To get to "the greatest possible integer in the set" - you need to first find the highest possible set of integers in 12 integers less than 50. This is {38, 39, ..., 48, 49}.

So 38 is the low point for the range of 50, leaving you with a high point of 88. The set could be many variations of {38, 39, ... , 50, 11 integers greater than 50 and less than 88, 88}

A set of 25 different integers has a median of 50 and a range of 50. What is the greatest possible integer that could be in this set?

(A) 62 (B) 68 (C) 75 (D) 88 (E) 100

Any idea how to solve this question please?

Consider 25 numbers in ascending order to be \(x_1\), \(x_2\), \(x_3\), ..., \(x_{25}\).

The median of a set with odd number of elements is the middle number (when arranged in ascending or descending order), so the median of given set is \(x_{13}=50\);

The range of a set is the difference between the largest and the smallest numbers of a set, so the range of given set is \(50=x_{25}-x_{1}\) --> \(x_{25}=50+x_{1}\);

We want to maximize \(x_{25}\), hence we need to maximize \(x_{1}\). Since all integers must be distinct then the maximum value of \(x_{1}\) will be \(median-12=50-12=38\) and thus the maximum value of \(x_{25}\) is \(x_{25}=38+50=88\).

The set could be {38, 39, 40, 41, 42, 43, 44, 45, 46, 47, 48, 49, 50, 51, 52, 53, 54, 55, 56, 57, 58, 59, 60, 61, 88}

I think Bunuel , you meant "We want to maximize \(x_{25}\), hence we need to minimize \(x_{1}\). I still don't understand how did you get the below:

Since all integers must be distinct then the maximum value of \(x_{1}\) will be \(median-12=50-12=38\)

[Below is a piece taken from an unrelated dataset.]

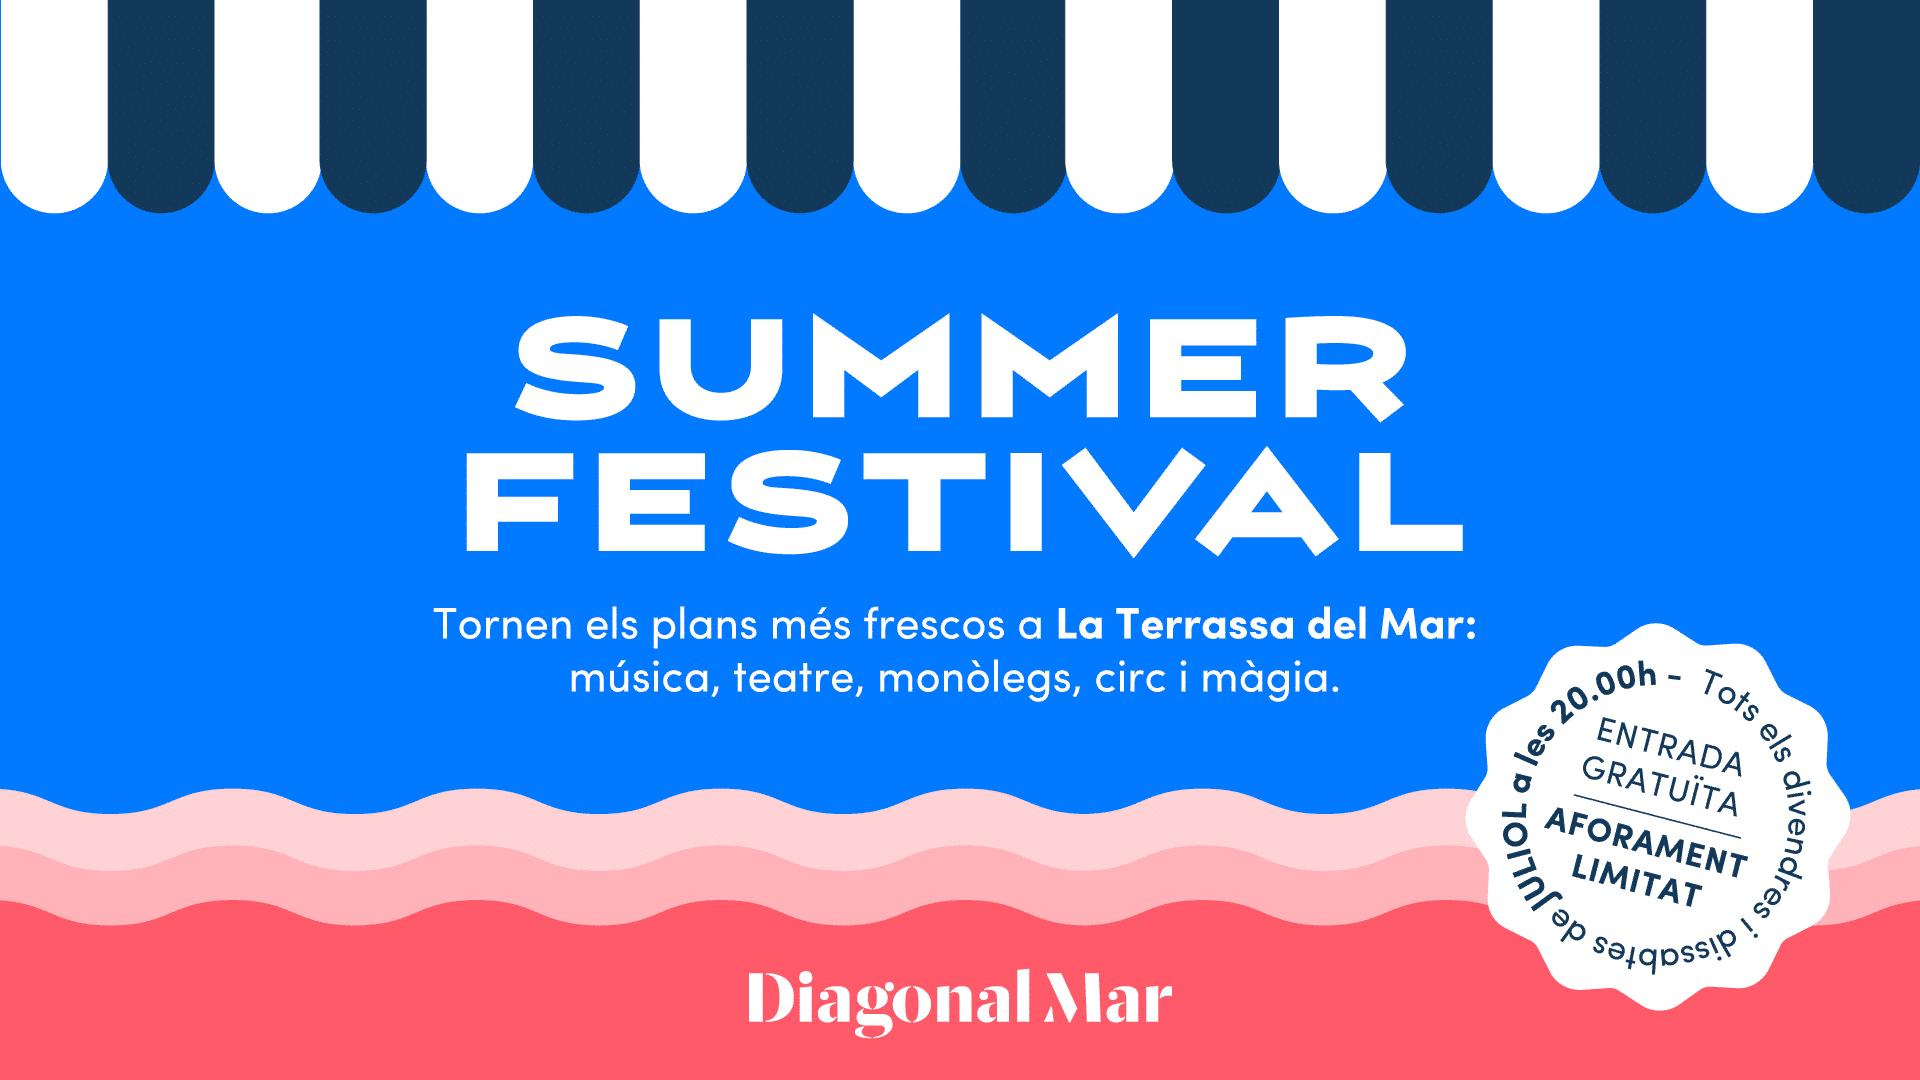 Summer Festival Diagonal cat
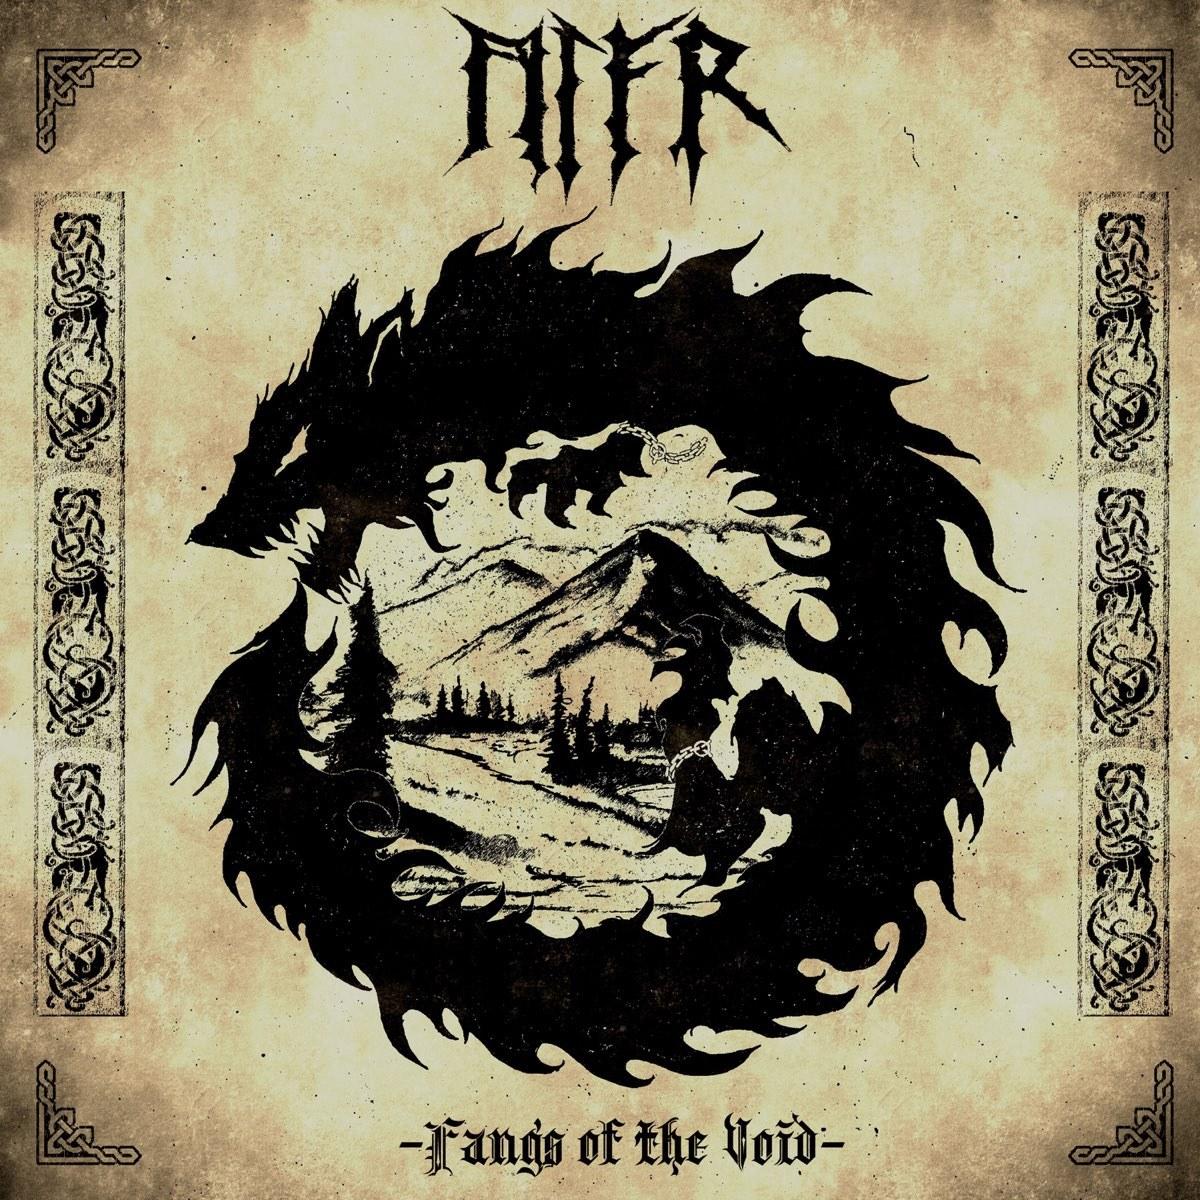 Úlfr - Fangs of the Void

Since \(x_{25}=50+x_{1}\) then in order to maximize \(x_{25}\) we need to maximize \(x_{1}\), so everything is correct there.

As for the next part: \(median=x_{13}=50\) and since all terms must be distinct integers then the maximum value of \(x_{1}\) is 50-12=38: \(x_{1}=38\), 39, 40, 41, 42, 43, 44, 45, 46, 47, 48, 49, \(median=x_{13}=50\). As you can see \(x_{1}\) cannot possibly be more than 38.

Re: A set of 25 different integers has a median of 50 and a [#permalink]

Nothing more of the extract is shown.